▶ _Exercise brief_
Set down the data below in full, exactly as it reads, but without the pictures.

▶ _Given material_

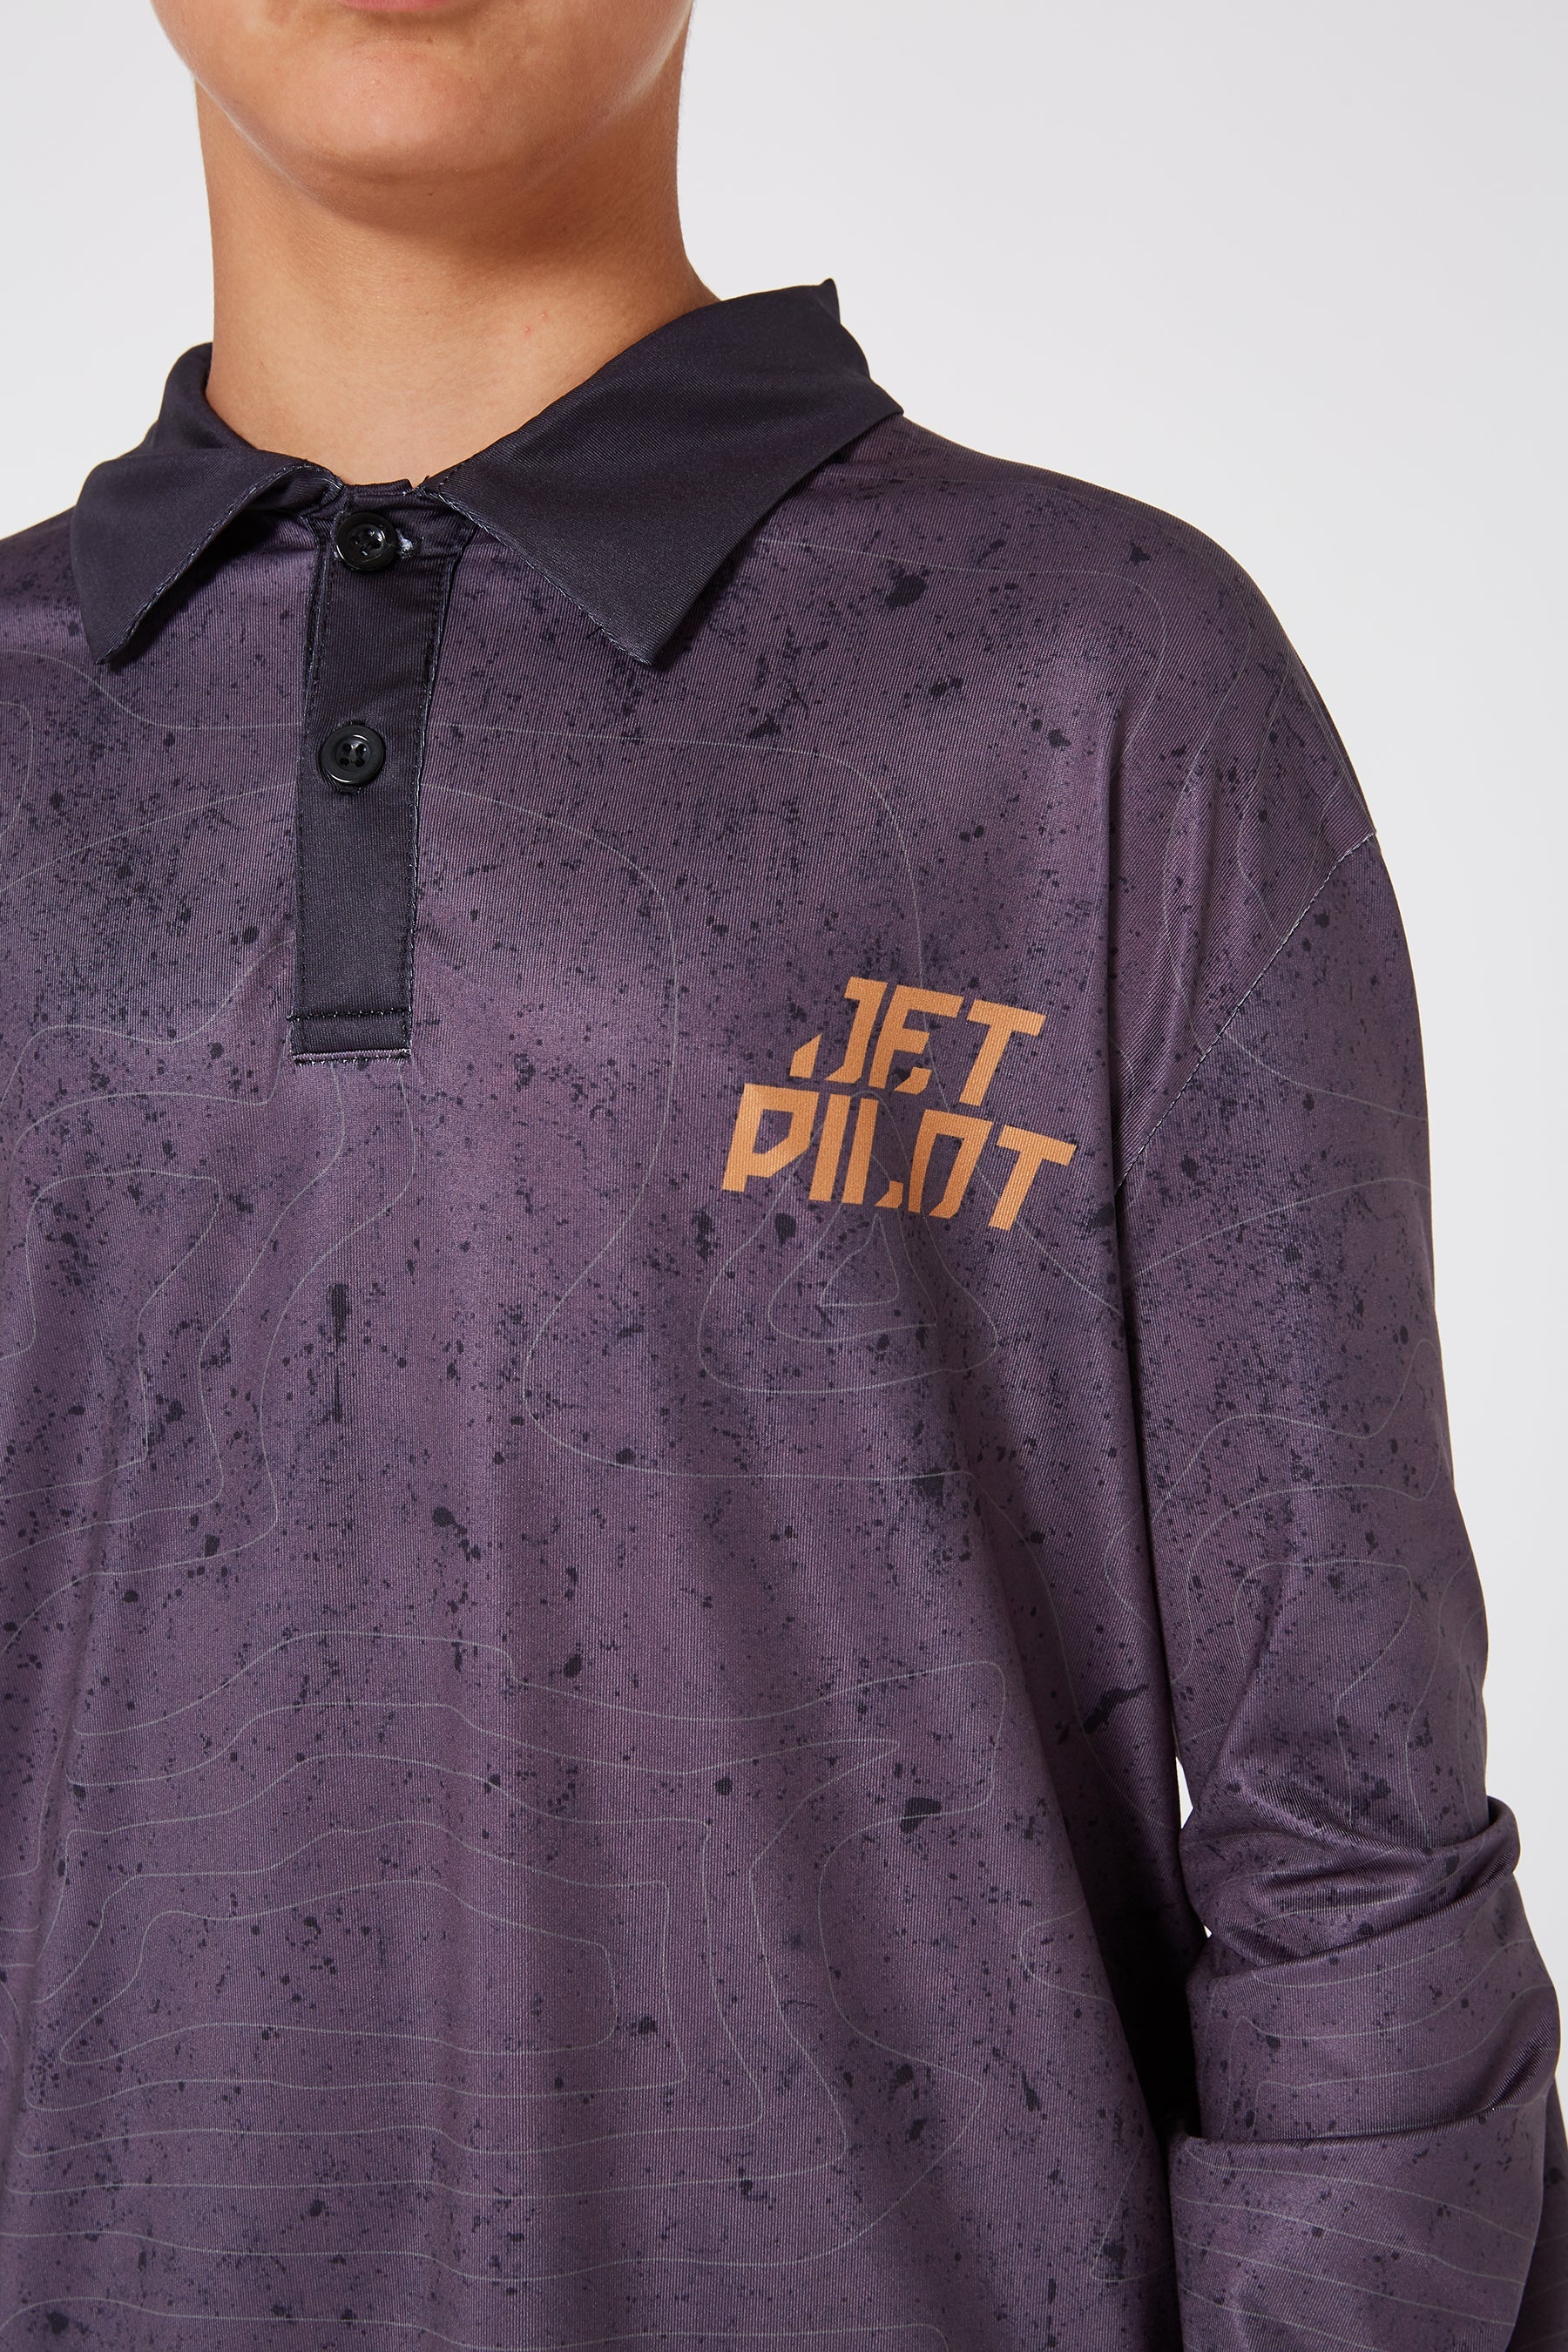 Jetpilot Venture Youth Fishing Shirt - Black Lifestyle 1
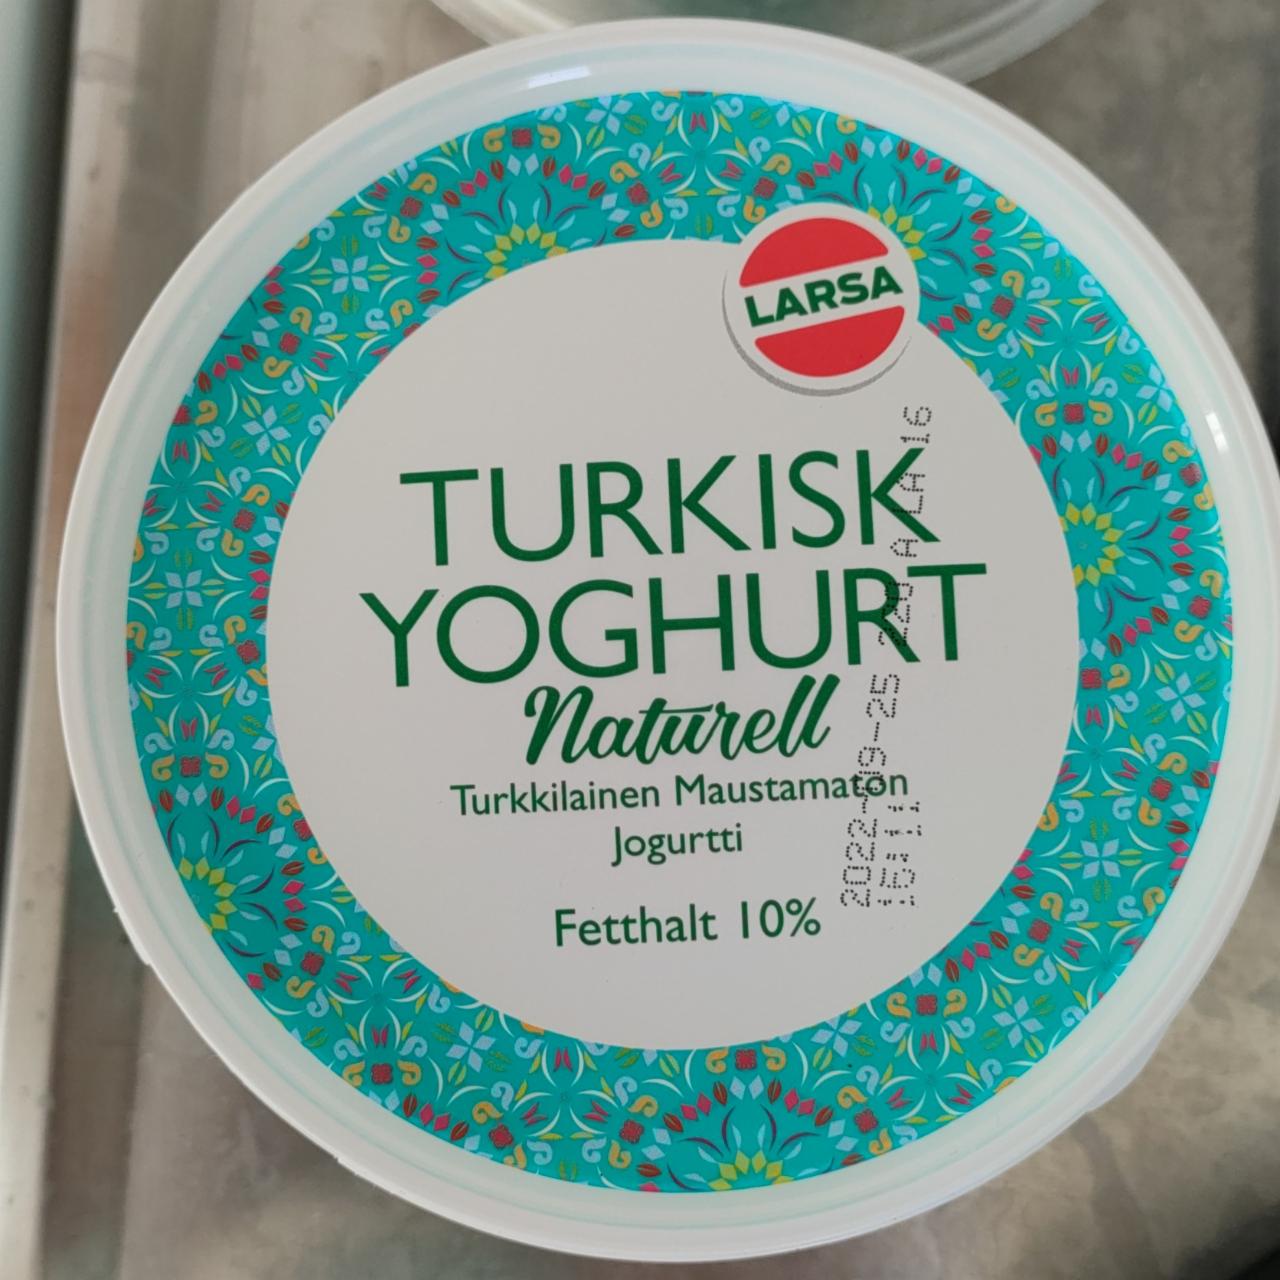 Fotografie - Turkisk Yoghurt Naturell 10% Larsa
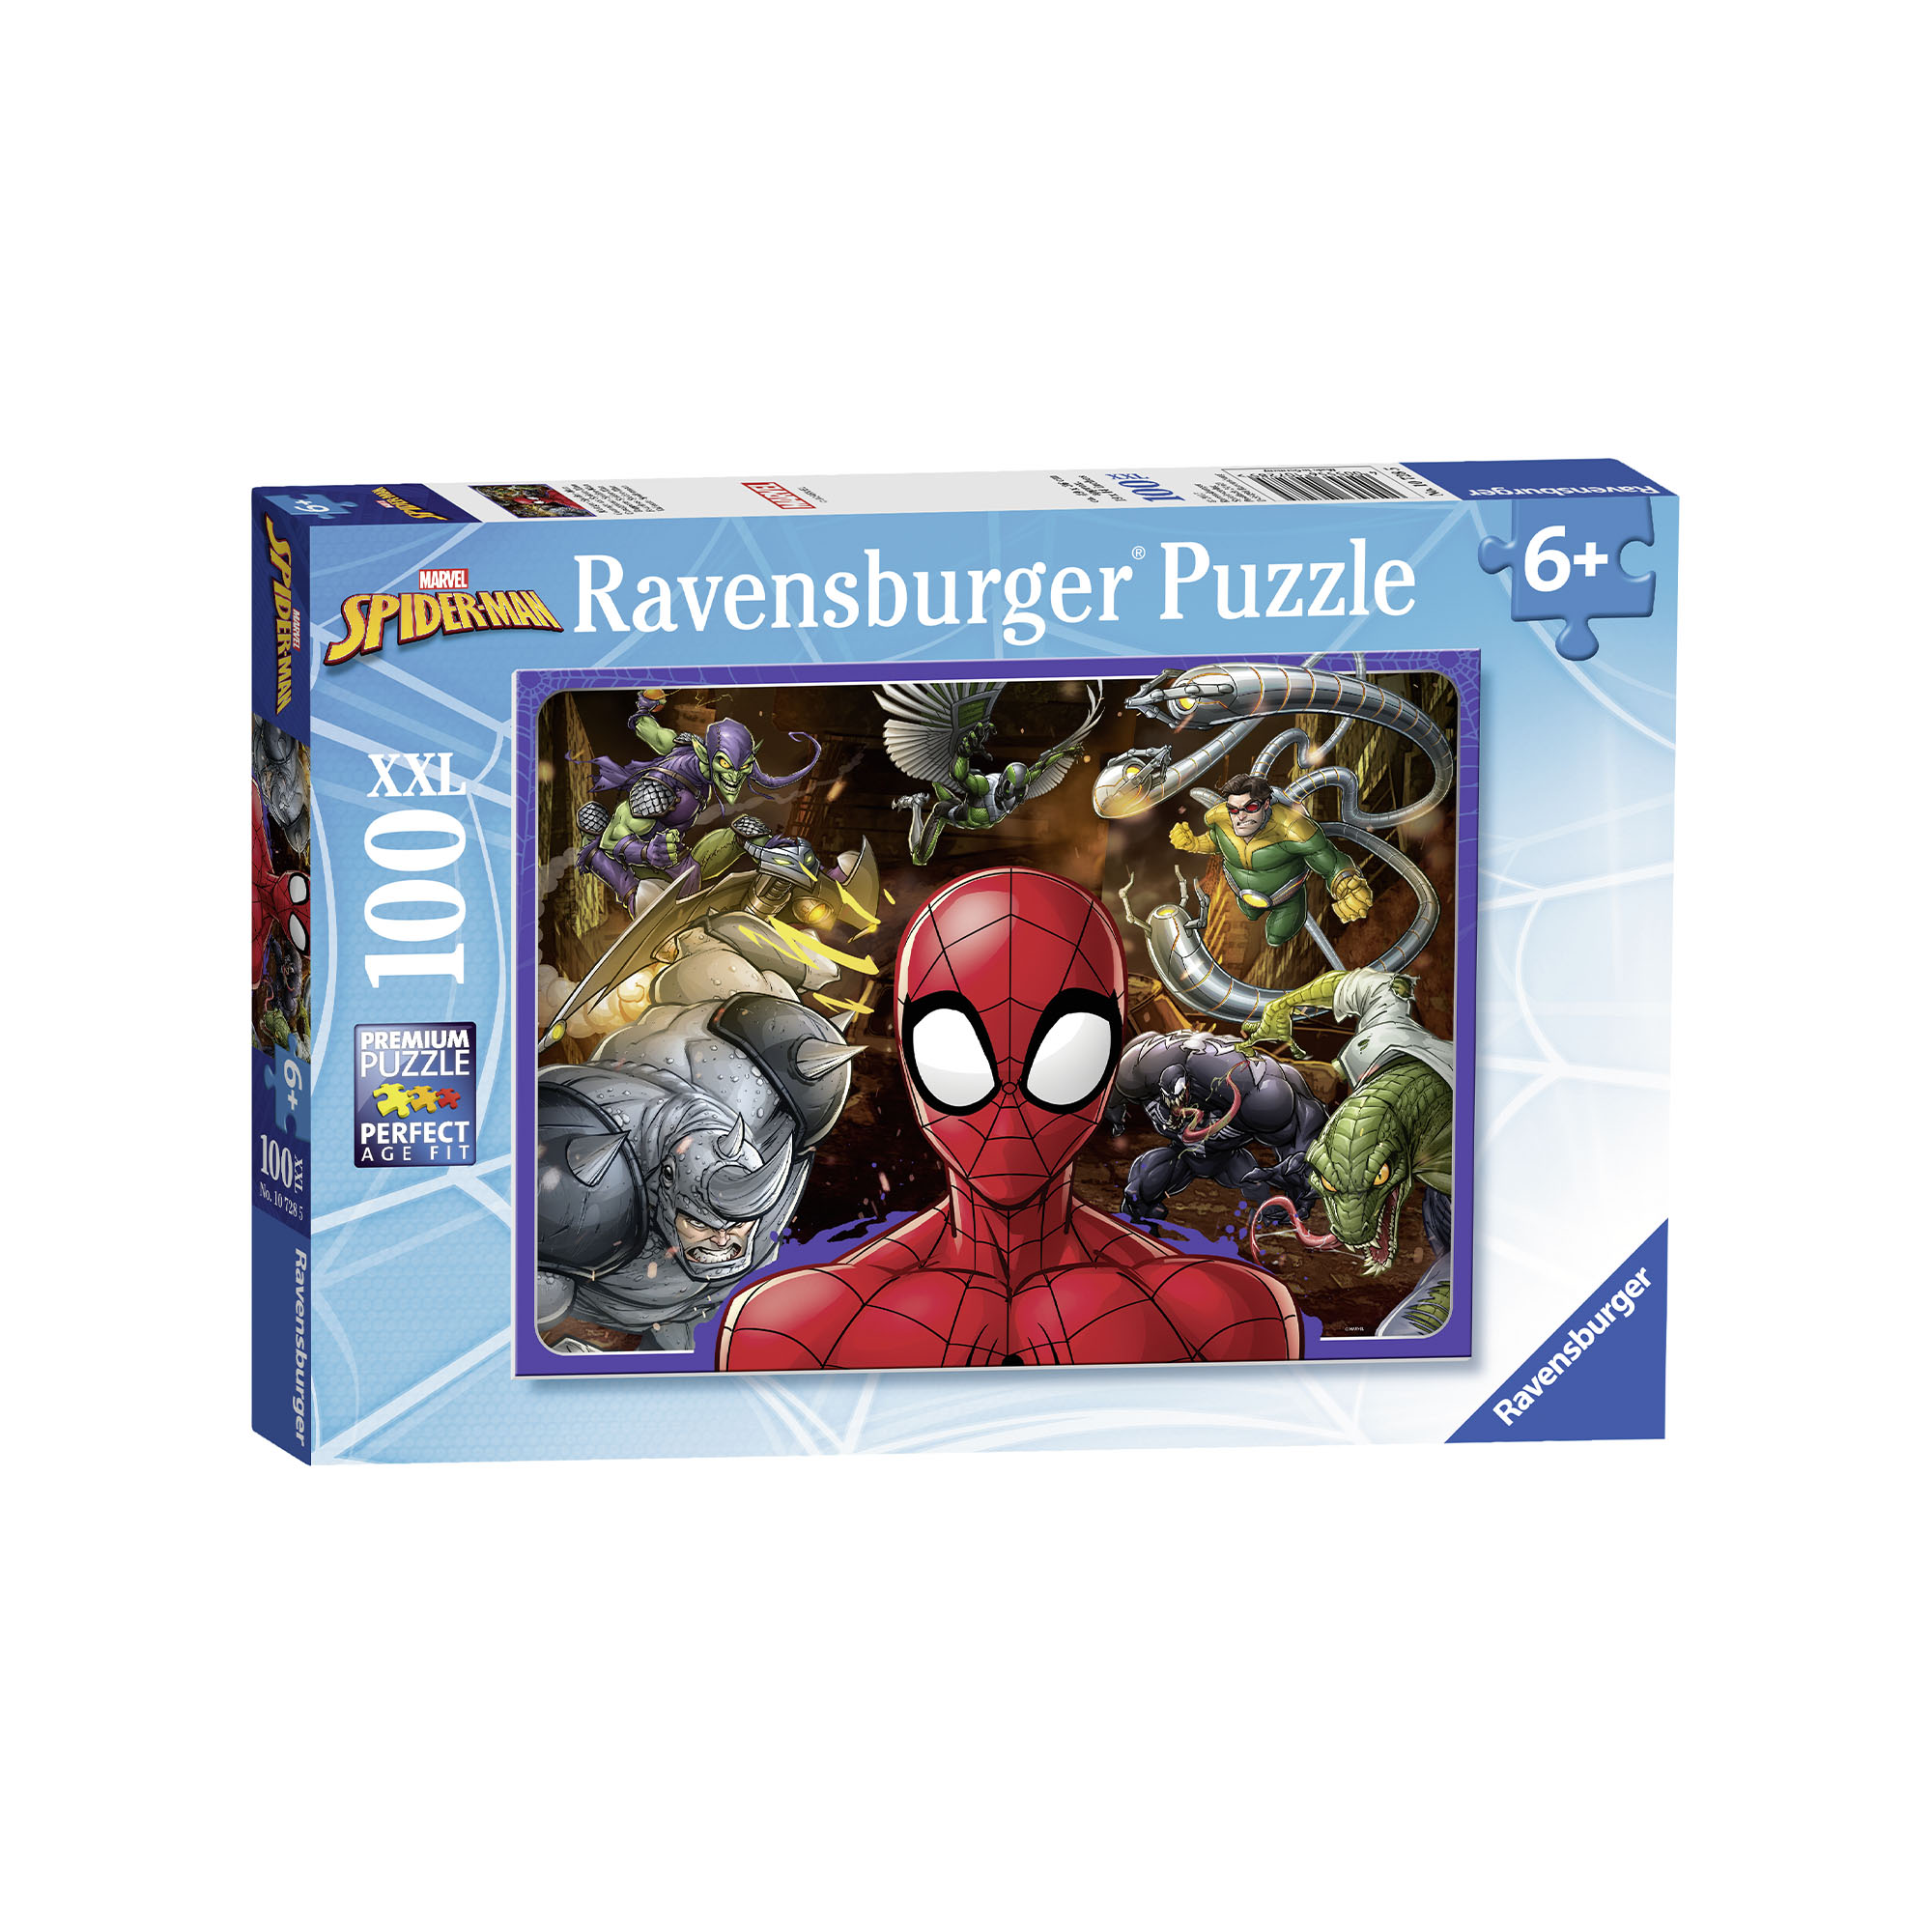 Ravensburger Puzzle 100 pezzi 10728 - Spiderman, , large

▶ _Expected output_
 Jetpilot Venture Youth Fishing Shirt - Black Lifestyle 1
 Fotografie - Turkisk Yoghurt Naturell 10% Larsa
 Ravensburger Puzzle 100 pezzi 10728 - Spiderman, , large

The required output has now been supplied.